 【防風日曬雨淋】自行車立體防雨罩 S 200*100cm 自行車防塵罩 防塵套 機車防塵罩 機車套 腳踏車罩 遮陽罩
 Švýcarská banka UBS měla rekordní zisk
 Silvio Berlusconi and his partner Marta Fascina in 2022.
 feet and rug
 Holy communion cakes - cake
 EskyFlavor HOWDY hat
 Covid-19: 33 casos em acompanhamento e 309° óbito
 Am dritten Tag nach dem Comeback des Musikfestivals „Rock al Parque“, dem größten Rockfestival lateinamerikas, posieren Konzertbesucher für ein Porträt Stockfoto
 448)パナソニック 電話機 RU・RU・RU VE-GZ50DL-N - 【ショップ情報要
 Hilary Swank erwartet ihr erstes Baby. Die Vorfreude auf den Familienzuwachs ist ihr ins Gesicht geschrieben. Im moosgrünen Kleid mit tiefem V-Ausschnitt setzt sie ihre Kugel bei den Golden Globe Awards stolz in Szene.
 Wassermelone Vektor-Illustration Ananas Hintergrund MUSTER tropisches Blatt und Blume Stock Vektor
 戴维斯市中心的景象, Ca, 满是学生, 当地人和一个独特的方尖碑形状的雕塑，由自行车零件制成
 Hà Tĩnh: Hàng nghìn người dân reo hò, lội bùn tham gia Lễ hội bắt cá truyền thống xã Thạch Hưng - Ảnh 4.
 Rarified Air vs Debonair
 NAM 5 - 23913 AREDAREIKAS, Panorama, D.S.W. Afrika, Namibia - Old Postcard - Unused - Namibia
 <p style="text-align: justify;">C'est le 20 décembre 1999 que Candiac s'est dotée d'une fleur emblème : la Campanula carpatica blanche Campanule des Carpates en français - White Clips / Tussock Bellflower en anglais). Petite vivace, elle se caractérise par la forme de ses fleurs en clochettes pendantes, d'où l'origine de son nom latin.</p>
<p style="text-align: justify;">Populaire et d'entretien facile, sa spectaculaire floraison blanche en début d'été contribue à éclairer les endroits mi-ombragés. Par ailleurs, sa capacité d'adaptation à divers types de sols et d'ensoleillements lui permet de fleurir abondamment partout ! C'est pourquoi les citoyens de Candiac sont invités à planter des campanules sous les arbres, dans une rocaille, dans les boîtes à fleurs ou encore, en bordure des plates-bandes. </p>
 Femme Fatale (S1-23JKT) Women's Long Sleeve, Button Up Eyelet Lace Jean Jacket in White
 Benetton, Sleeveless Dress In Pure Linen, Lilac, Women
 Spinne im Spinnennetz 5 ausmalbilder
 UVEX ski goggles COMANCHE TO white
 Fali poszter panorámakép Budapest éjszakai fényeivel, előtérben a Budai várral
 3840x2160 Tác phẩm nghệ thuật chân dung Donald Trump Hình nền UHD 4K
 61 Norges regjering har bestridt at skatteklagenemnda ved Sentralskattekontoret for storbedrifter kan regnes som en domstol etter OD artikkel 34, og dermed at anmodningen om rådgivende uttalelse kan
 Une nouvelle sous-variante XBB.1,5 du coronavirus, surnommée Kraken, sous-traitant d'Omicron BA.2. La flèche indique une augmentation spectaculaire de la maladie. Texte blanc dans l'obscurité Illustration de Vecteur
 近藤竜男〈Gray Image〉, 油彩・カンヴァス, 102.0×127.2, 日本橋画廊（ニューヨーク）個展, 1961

====================

- Task requirements -
Take the first line of the material above as the start and the line that contains "bordure des plates-bandes. </p>" as the end. Output only that span, every line exactly as it stands.

- Result -
 【防風日曬雨淋】自行車立體防雨罩 S 200*100cm 自行車防塵罩 防塵套 機車防塵罩 機車套 腳踏車罩 遮陽罩
 Švýcarská banka UBS měla rekordní zisk
 Silvio Berlusconi and his partner Marta Fascina in 2022.
 feet and rug
 Holy communion cakes - cake
 EskyFlavor HOWDY hat
 Covid-19: 33 casos em acompanhamento e 309° óbito
 Am dritten Tag nach dem Comeback des Musikfestivals „Rock al Parque“, dem größten Rockfestival lateinamerikas, posieren Konzertbesucher für ein Porträt Stockfoto
 448)パナソニック 電話機 RU・RU・RU VE-GZ50DL-N - 【ショップ情報要
 Hilary Swank erwartet ihr erstes Baby. Die Vorfreude auf den Familienzuwachs ist ihr ins Gesicht geschrieben. Im moosgrünen Kleid mit tiefem V-Ausschnitt setzt sie ihre Kugel bei den Golden Globe Awards stolz in Szene.
 Wassermelone Vektor-Illustration Ananas Hintergrund MUSTER tropisches Blatt und Blume Stock Vektor
 戴维斯市中心的景象, Ca, 满是学生, 当地人和一个独特的方尖碑形状的雕塑，由自行车零件制成
 Hà Tĩnh: Hàng nghìn người dân reo hò, lội bùn tham gia Lễ hội bắt cá truyền thống xã Thạch Hưng - Ảnh 4.
 Rarified Air vs Debonair
 NAM 5 - 23913 AREDAREIKAS, Panorama, D.S.W. Afrika, Namibia - Old Postcard - Unused - Namibia
 <p style="text-align: justify;">C'est le 20 décembre 1999 que Candiac s'est dotée d'une fleur emblème : la Campanula carpatica blanche Campanule des Carpates en français - White Clips / Tussock Bellflower en anglais). Petite vivace, elle se caractérise par la forme de ses fleurs en clochettes pendantes, d'où l'origine de son nom latin.</p>
<p style="text-align: justify;">Populaire et d'entretien facile, sa spectaculaire floraison blanche en début d'été contribue à éclairer les endroits mi-ombragés. Par ailleurs, sa capacité d'adaptation à divers types de sols et d'ensoleillements lui permet de fleurir abondamment partout ! C'est pourquoi les citoyens de Candiac sont invités à planter des campanules sous les arbres, dans une rocaille, dans les boîtes à fleurs ou encore, en bordure des plates-bandes. </p>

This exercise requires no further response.